Chasse? Cela semble logique. Les lecteurs ont suggéré des arbalètes et des chasses au cerf. Mais les experts disent que ce n’est pas réalisable. Il faudrait réduire considérablement les populations de cerfs pour réduire le nombre de tiques. C’est politiquement et socialement difficile.

Une voie plus prometteuse réside dans la science.

Vaccins.

Les chercheurs développent des vaccins pouvant être administrés aux cerfs ou aux rongeurs. Ces animaux deviennent les hôtes des tiques. Lorsqu’une tique mord un animal vacciné, la tique meurt. Il cible le mécanisme de propagation plutôt que simplement le symptôme.

« Il faut atteindre le cerf. »

Ce n’est pas une idée marginale. Il s’agit d’une stratégie sérieuse et viable, actuellement sous-financée. Nous investissons massivement dans les zones de reproduction des moustiques, en trouvant les eaux stagnantes et en les traitant. Nous faisons la même chose pour les vers bouchères, en utilisant des rejets mâles stériles pour créer des barrières. Pourquoi ne pas appliquer le même effort soutenu et silencieux aux tiques ?

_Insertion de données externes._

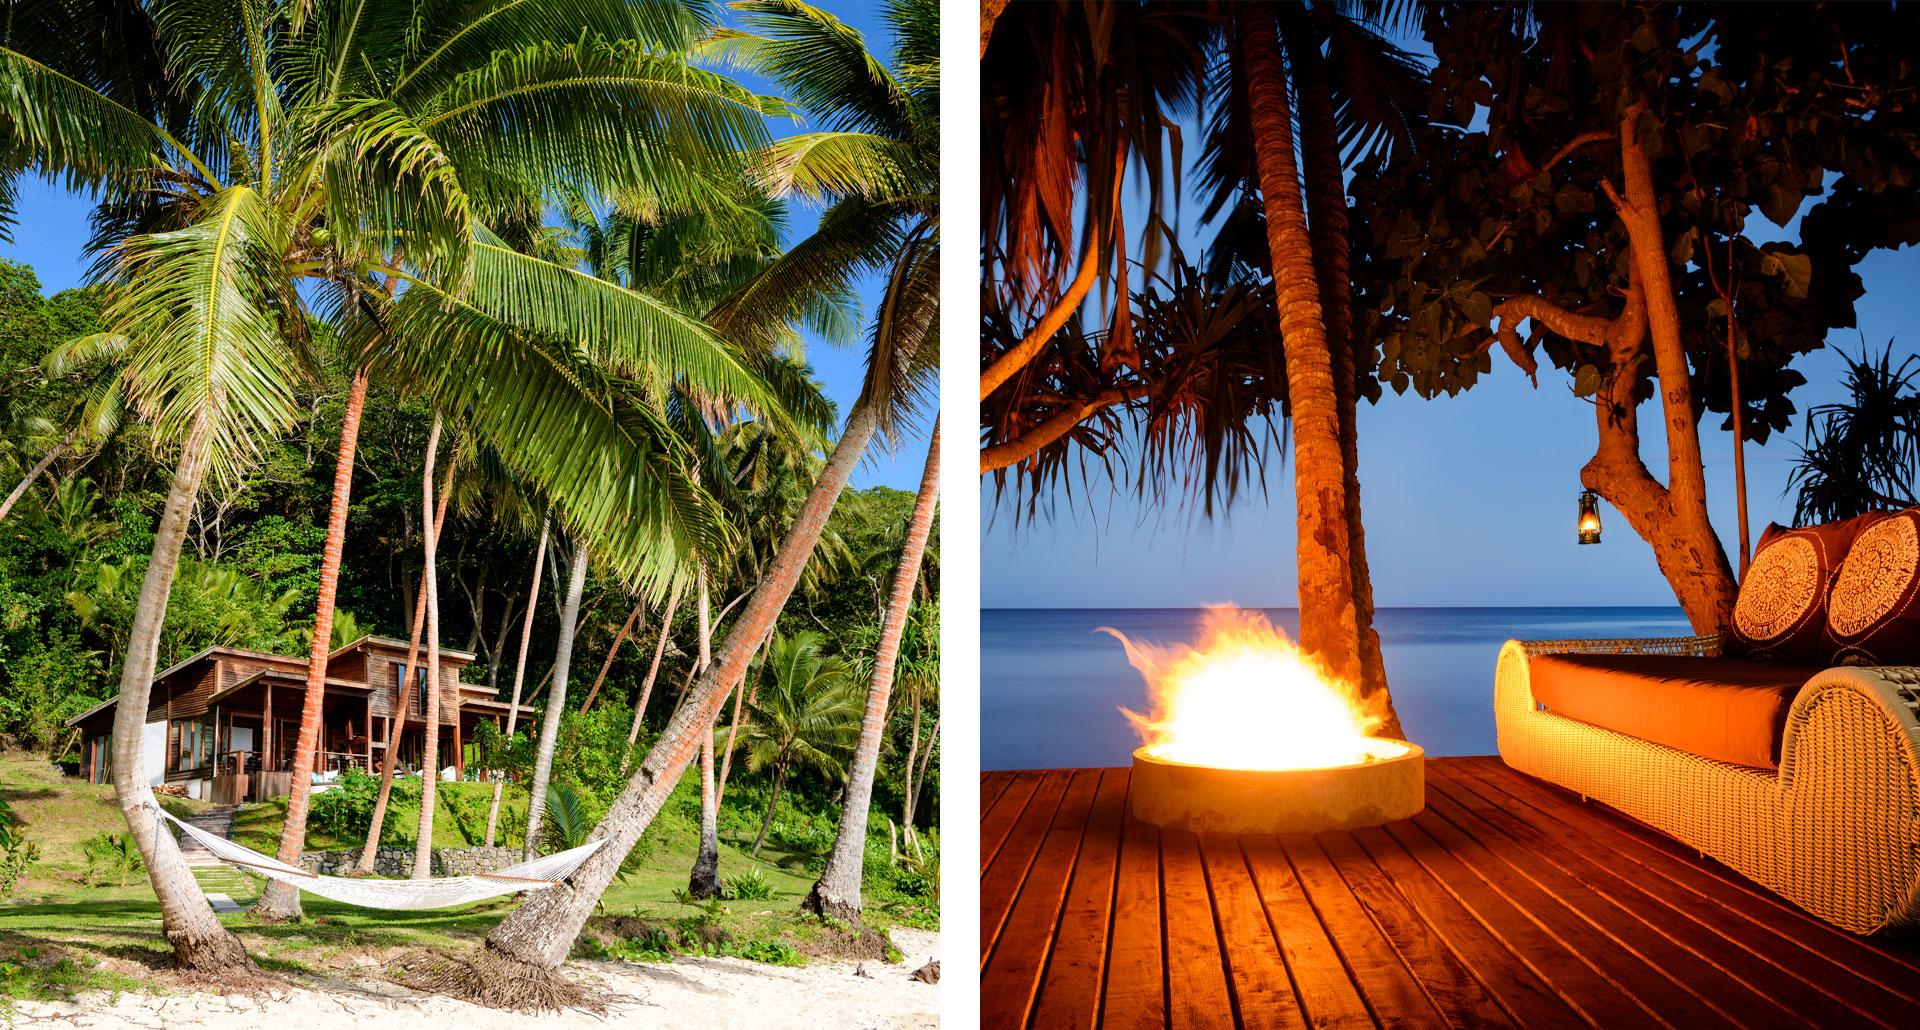 The Remote Resort - boutique hotel in Fiji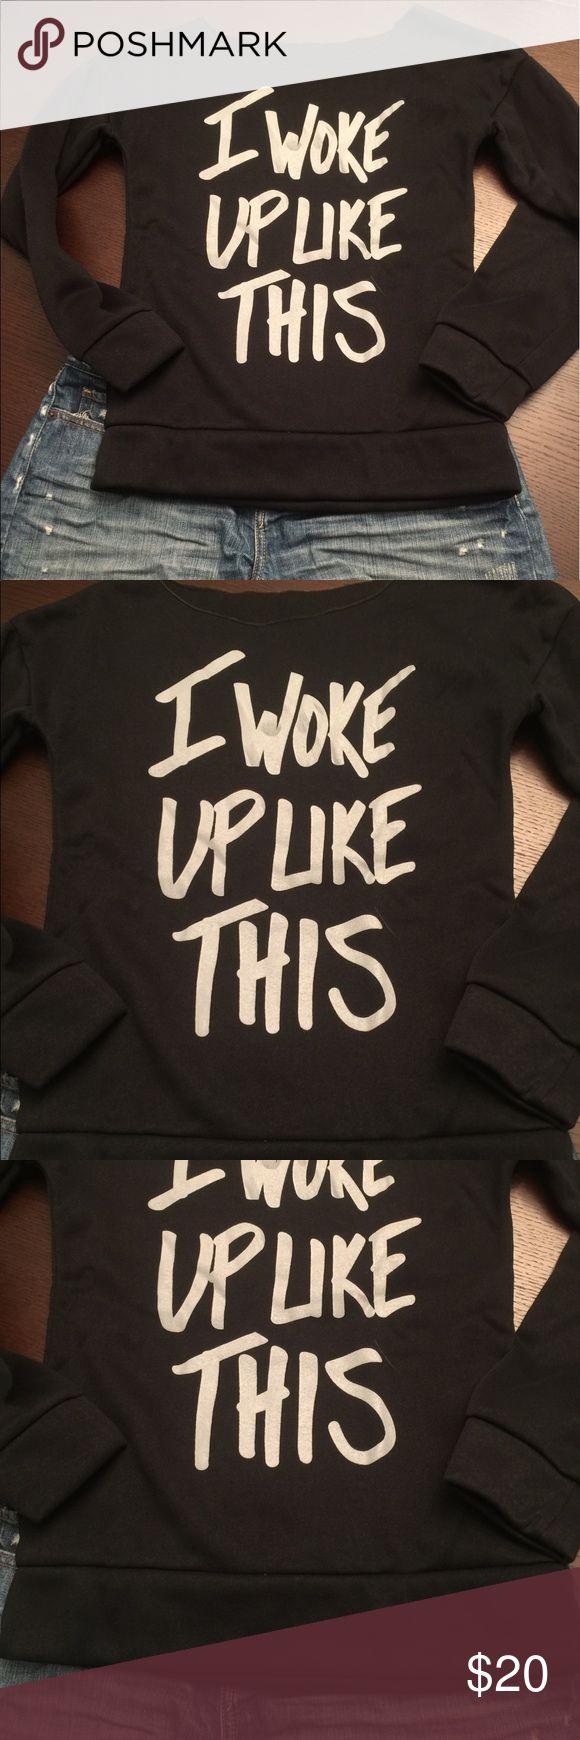 Sweatshirt- I Woke Up Like This Brand new black sweatshirt. Light weight. Size small Tops Sweatshirts & Hoodies

Comment vous protéger maintenant

Jusqu’à ce que les infrastructures de santé publique rattrapent leur retard, la vigilance personnelle est le seul bouclier.

Vérifiez-vous. Faites-le quotidiennement. Lorsque vous revenez des bois, du parc ou même du jardin, effectuez une analyse approfondie.

Jetez vos vêtements dans la sécheuse à feu vif pendant dix minutes. Les tiques détestent la chaleur. Il les tue là où les insecticides pourraient manquer.

Certaines personnes utilisent un spray de perméthrine sur leurs bottes et leurs pantalons. C’est efficace si vous restez cohérent. Mais la cohérence est difficile.

Cela ne prend qu’une seule fois. Une randonnée. Un chèque oublié. C’est suffisant pour qu’une tique s’attache.

Le calendrier change également. À mesure que les hivers se réchauffent, davantage de jours dans l’année sont propices à l’activité des tiques. La fenêtre de risque s’agrandit.

Nous avons besoin d’une réponse de santé publique plus importante. Nous devons arrêter de traiter les tiques après coup dans un monde centré sur les moustiques. Car pendant que l’on s’inquiète de la morsure, les tiques gagnent déjà.